TASK OBJECTIVE:
A faithful copy of the data, pictures omitted, is the required answer.

--- DATA BLOCK ---

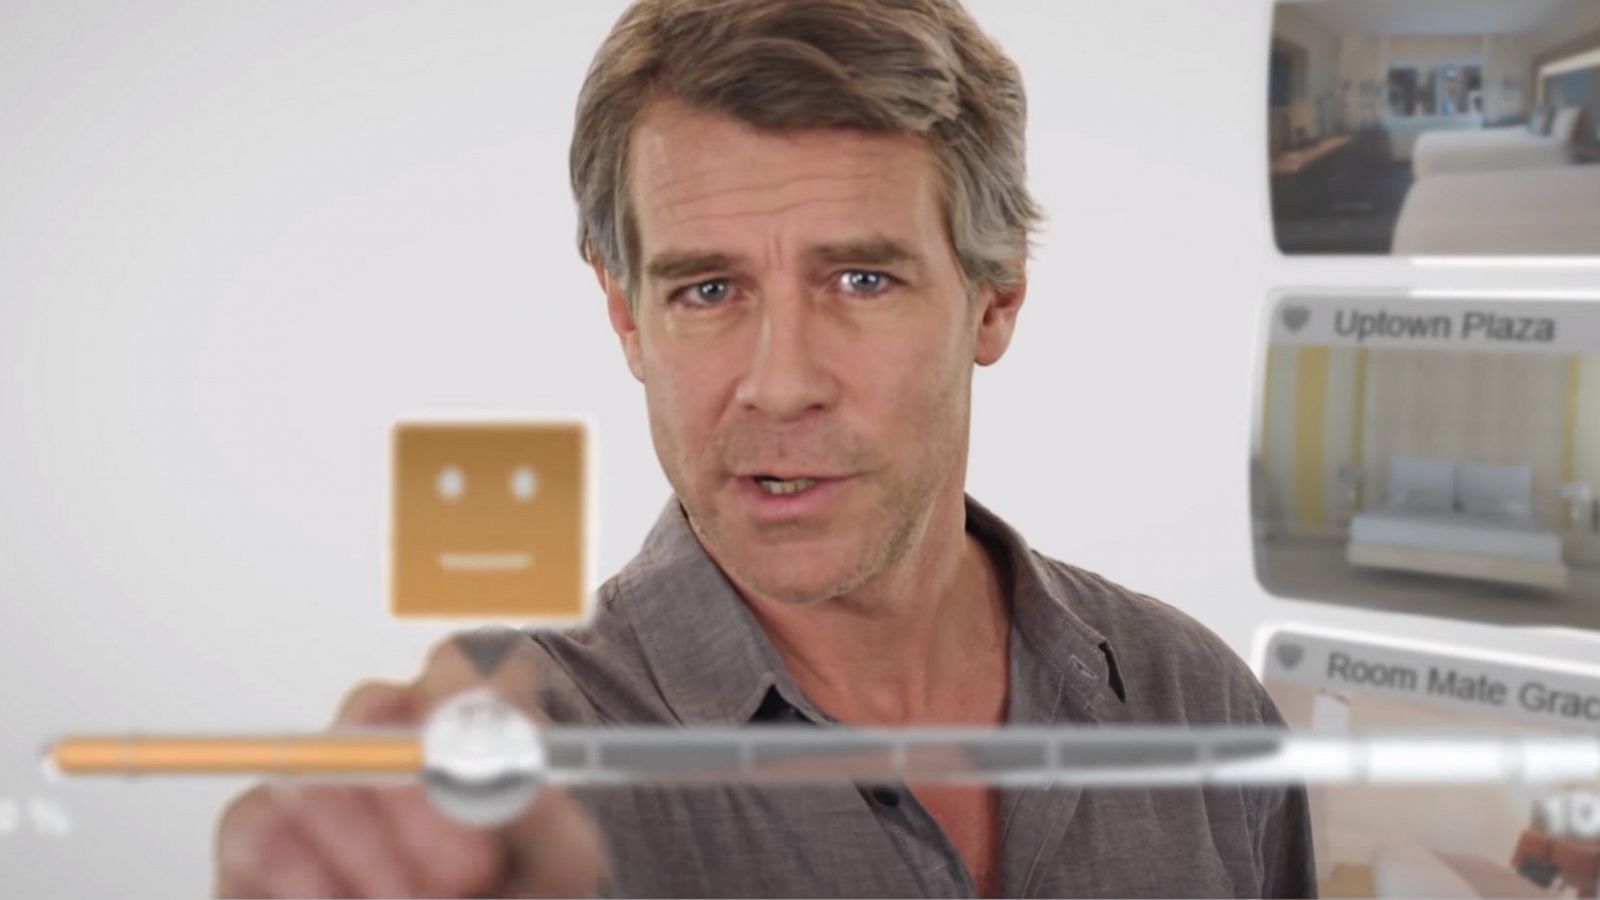 Trivago Guy Actor Tim Williams Charged With Driving While
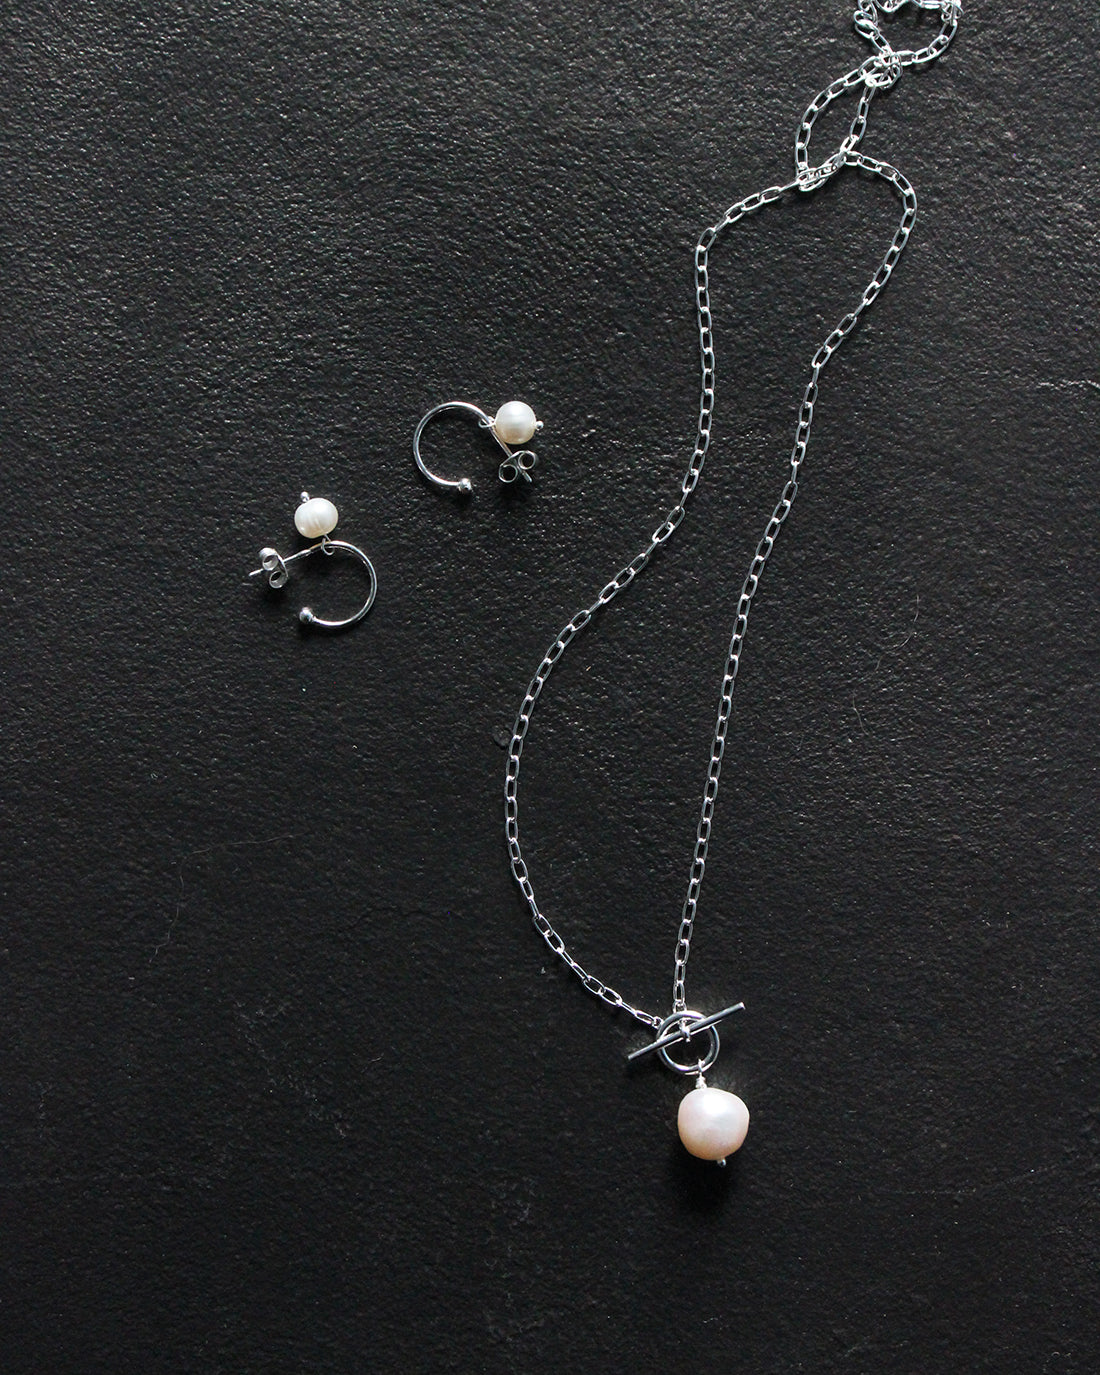 All About: Pearls
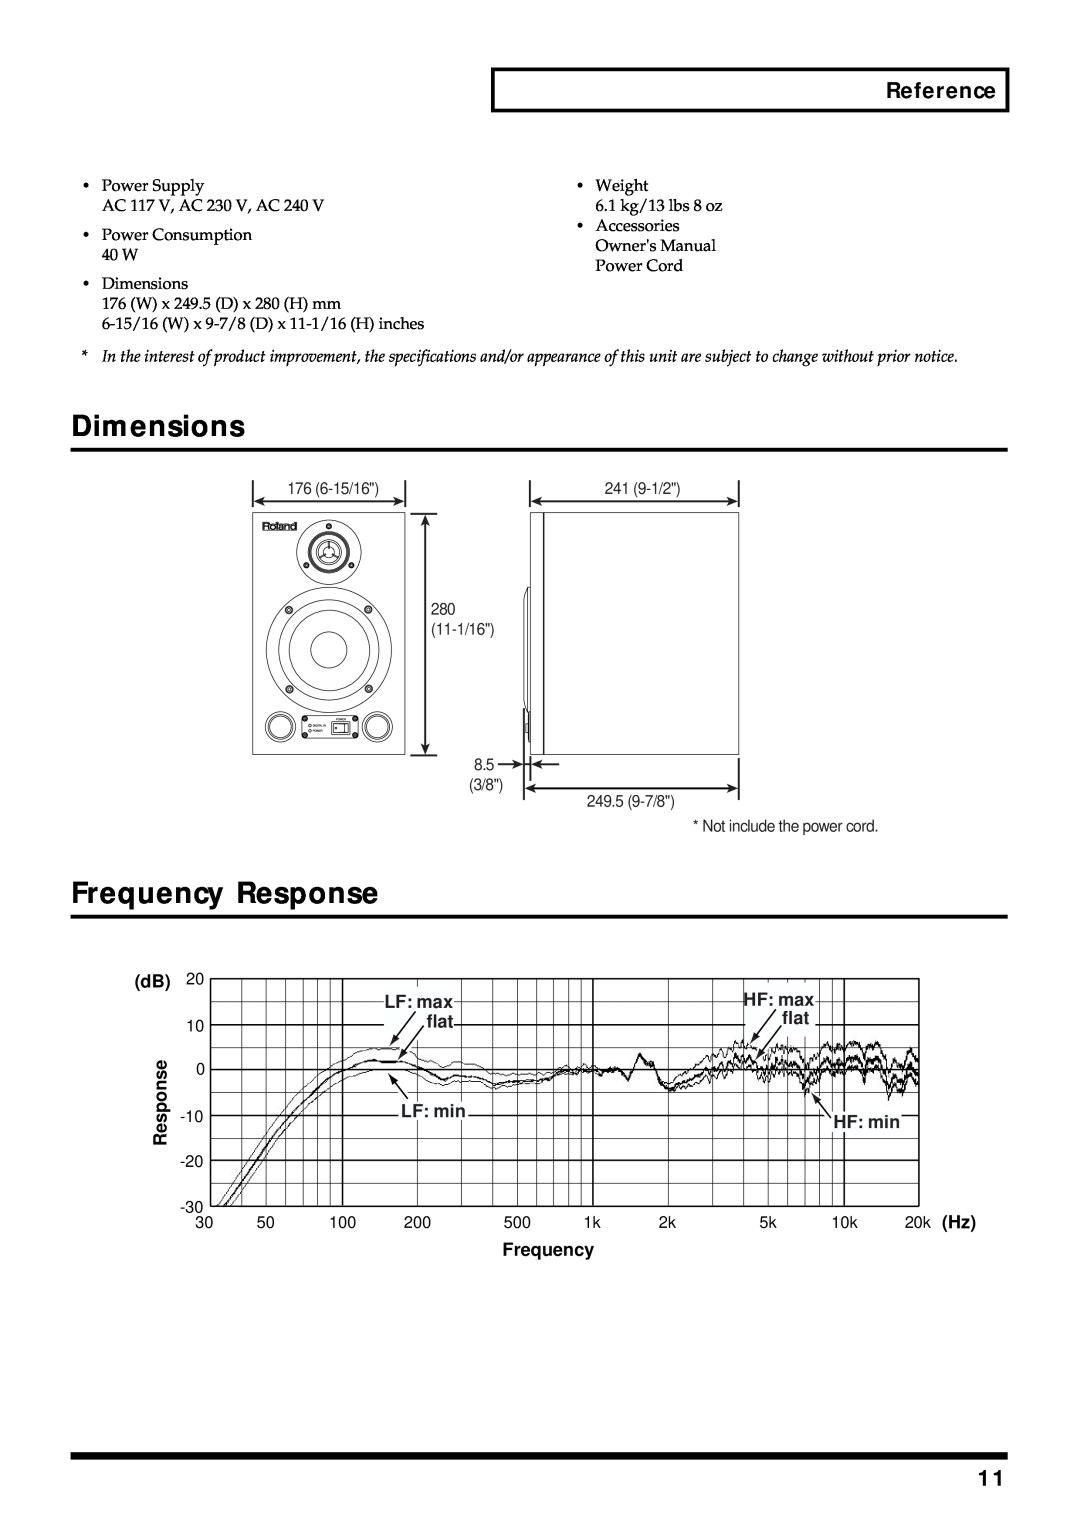 Roland DS-30A owner manual Dimensions, Frequency Response, Reference, HF max, flat, LF min, HF min, 176 6-15/16, LF max 
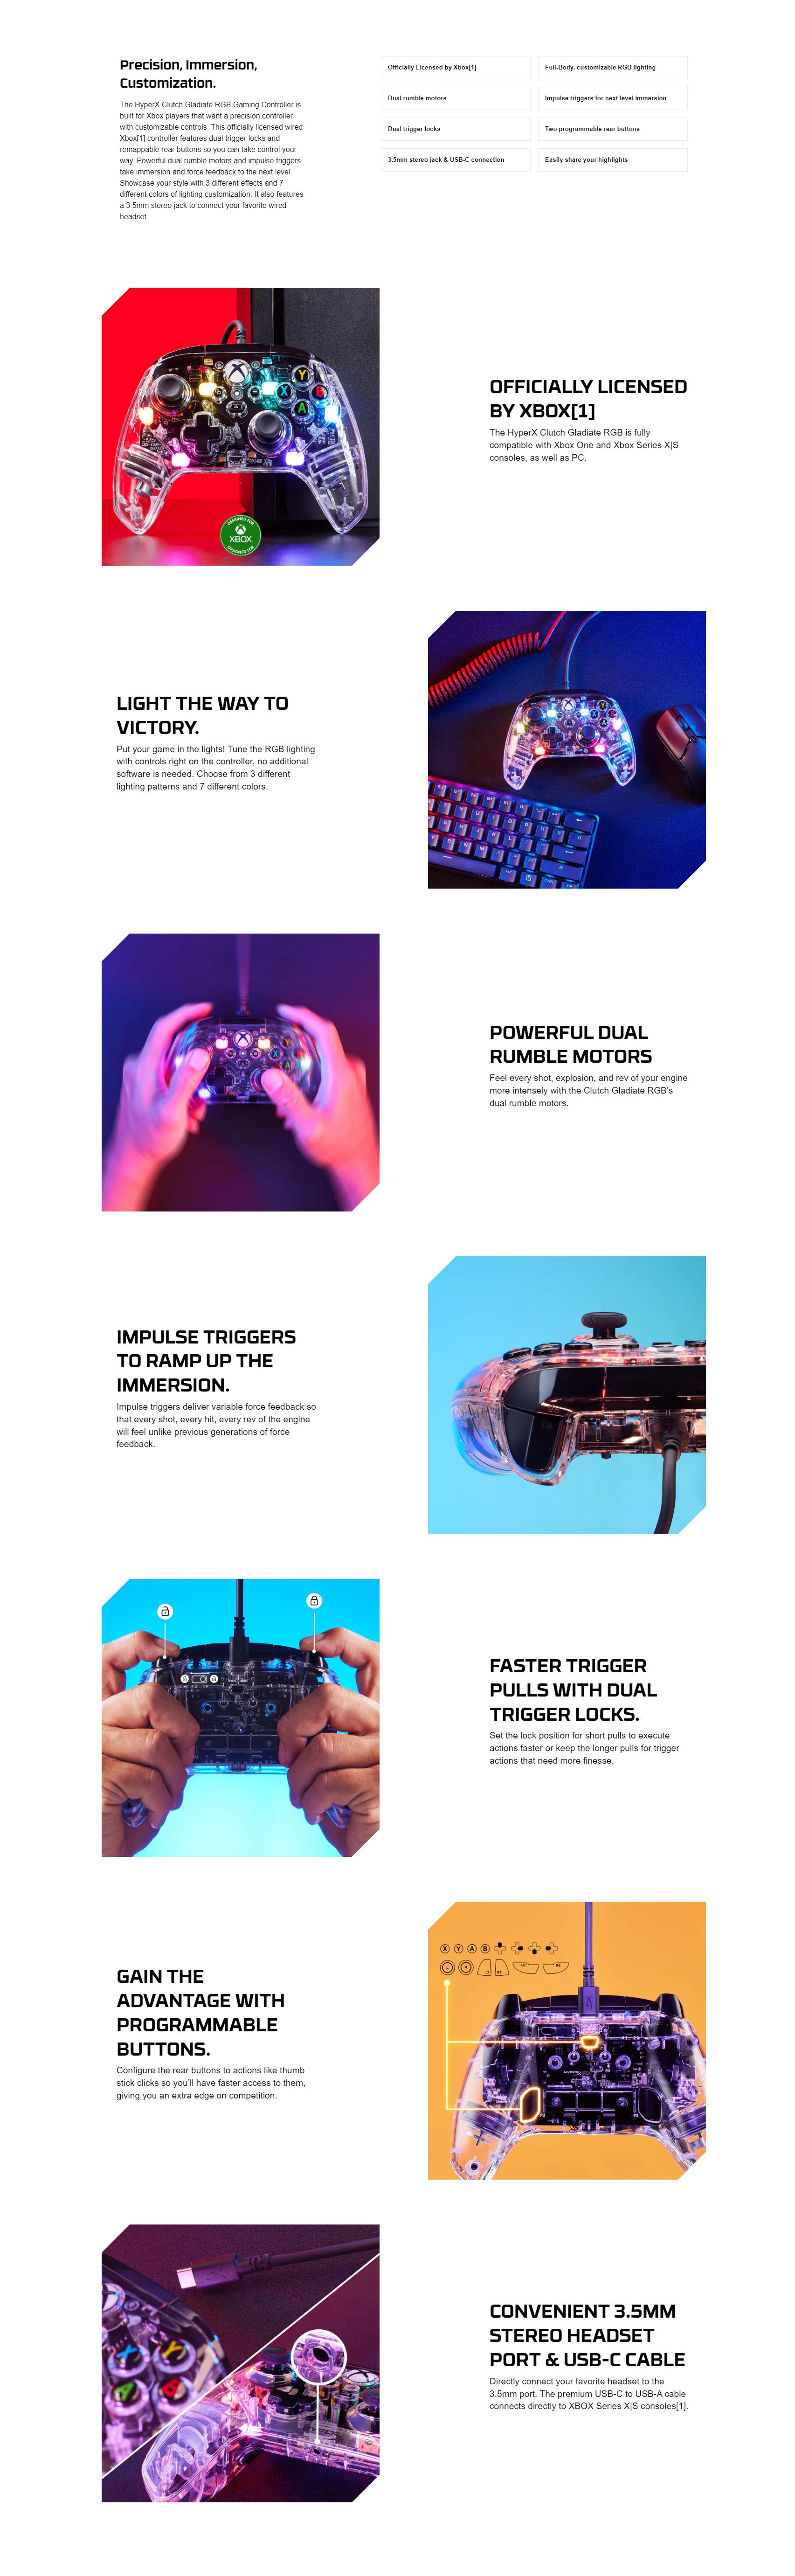 A large marketing image providing additional information about the product HyperX Clutch Gladiate - RGB Gaming Controller for Xbox & PC - Additional alt info not provided

---

ANSWER TO THIS TASK:
 Trivago Guy Actor Tim Williams Charged With Driving While
 All About: Pearls
 Roland DS-30A owner manual Dimensions, Frequency Response, Reference, HF max, flat, LF min, HF min, 176 6-15/16, LF max 
 A large marketing image providing additional information about the product HyperX Clutch Gladiate - RGB Gaming Controller for Xbox & PC - Additional alt info not provided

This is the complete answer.